Fast forward to World War II, a war that produced many heroes, one of whom was Lt. Cmdr. Butch O’Hare. He was a fighter pilot assigned to the aircraft carrier Lexington in the South Pacific.

One day, his entire squadron was sent on a mission. After he was airborne, he looked at his fuel gauge and realized he would not have enough fuel to complete his mission and get back to his ship. His flight leader told him to return to the carrier. Reluctantly, he dropped out of formation and headed back to the fleet. As he was returning to the mother ship, he saw something that turned his blood cold. A squadron of Japanese aircraft was speeding their way toward the American fleet.

The American fighters were gone on a sortie, and the fleet was all but defenseless. He couldn’t reach his squadron and bring them back in time to save the fleet, nor could he warn the fleet of the approaching danger. There was only one thing to do. He must somehow divert the oncoming aircraft. Laying aside all thoughts of personal safety, he dove into the formation of Japanese planes. Wing-mounted 50-calibers blazed as he attacked one surprised enemy plane after another. Butch wove in and out of the now broken formation and fired until all his ammunition was spent.

Undaunted, he continued the assault. He dove at the planes, trying to clip a wing or tail in hopes of damaging as many of them as possible. Finally, the remnants of the Japanese squadron fled in another direction.

Butch O’Hare made it back to the carrier, where he reported the event. The film from the gun-camera mounted on his plane showed the extent of his daring attempt to protect his fleet. He had, in fact, destroyed five enemy aircraft. For his actions Butch became the Navy’s first Ace of WWII and the first Naval aviator to win the Congressional Medal of Honor. A year later, Butch was killed in aerial combat at the age of 29. His hometown would not allow the memory of this WWII hero fade, and today, O’Hare Airport in Chicago is named in tribute to the courage of this great man.

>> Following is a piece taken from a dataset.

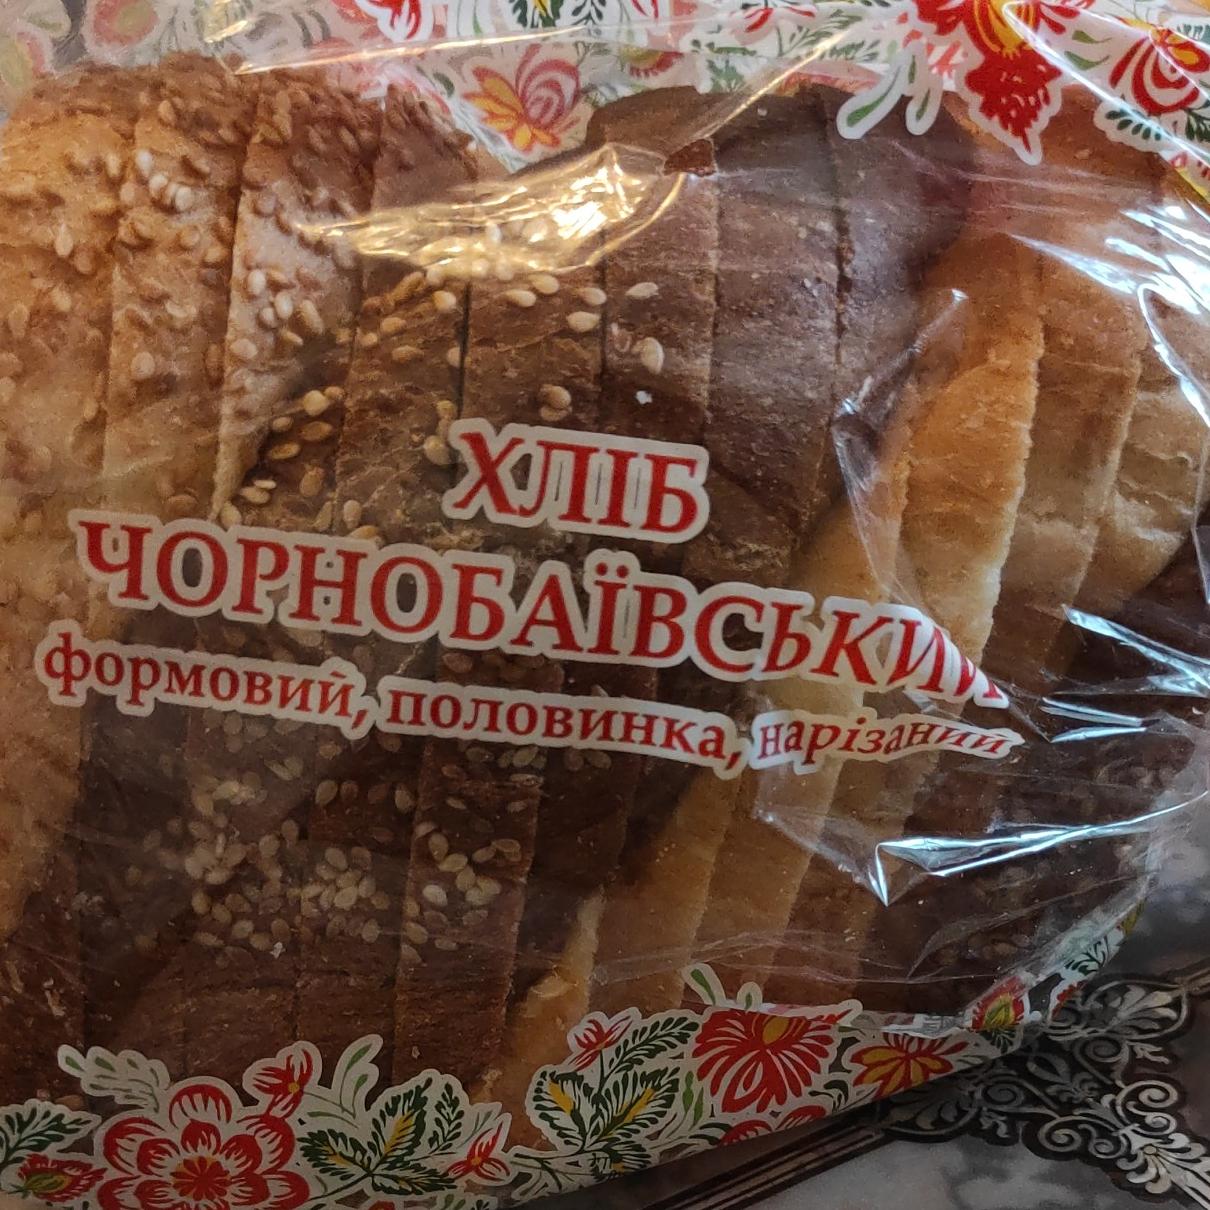 Фото - Хліб Чорнобаївський Дніпровський хлібокомбінат №5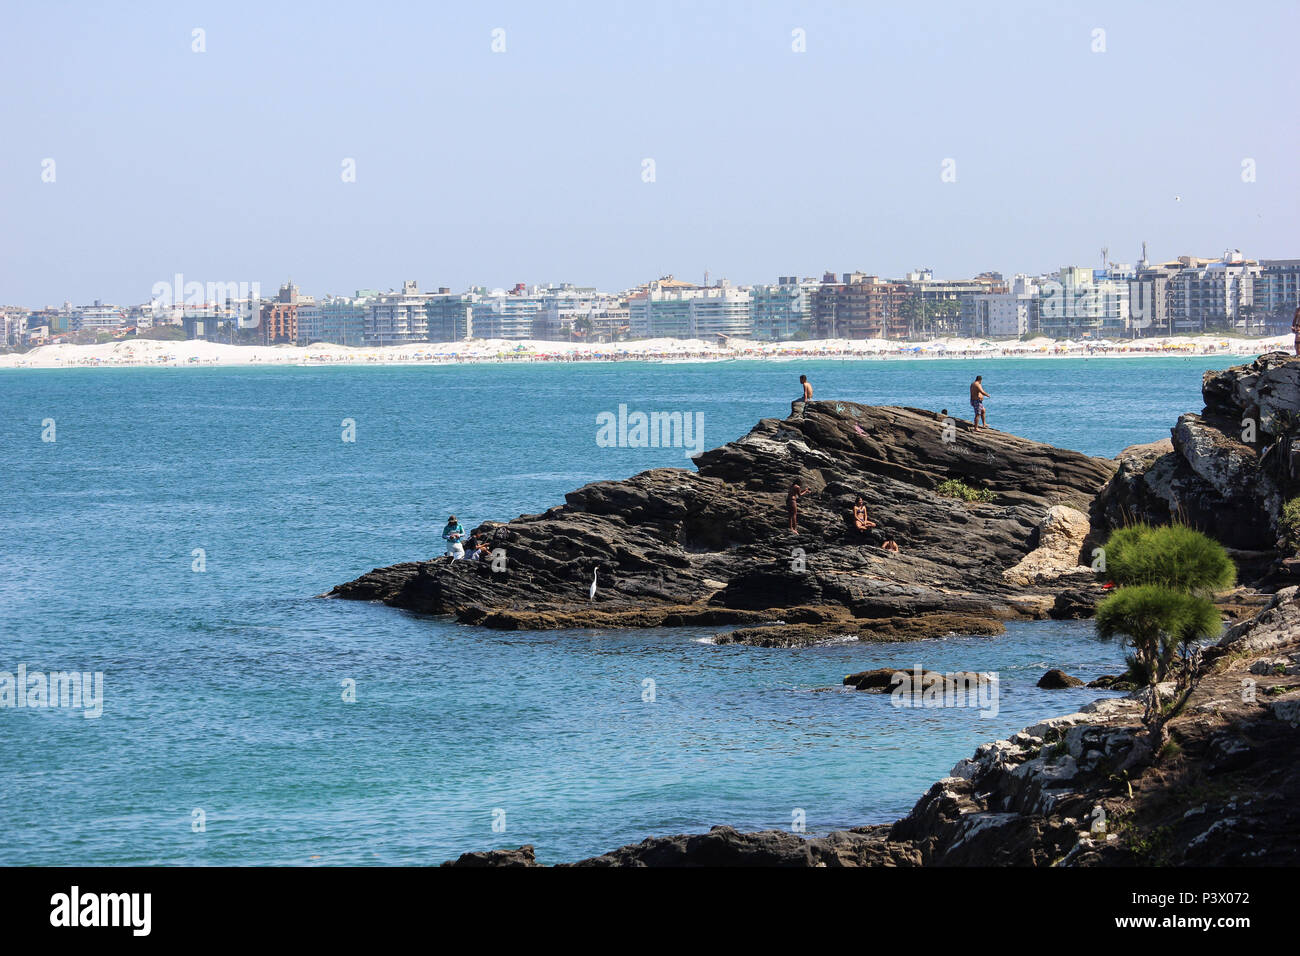 Praia do Forte vista de Rochas imediações nas do Forte São Mateus. Principais pontos turísticos de Cabo Frio, na região dos Lagos, no Rio de Janeiro. Foto Stock

So what do these two stories have to do with each other? Butch O’Hare was Easy Eddie’s son.

The life we live today affects the generations to come. We were meant to give away our lives, so focus on living your legacy instead of worrying about leaving your legacy. If you do, you will define yourself and others by an inspired life.

One of the most joyful moments for leaders is to pass the baton to someone they have invested in, and then see their values reflected in the new leader. Just like Butch O’Hare.

Who is the next future leader you are inspiring today?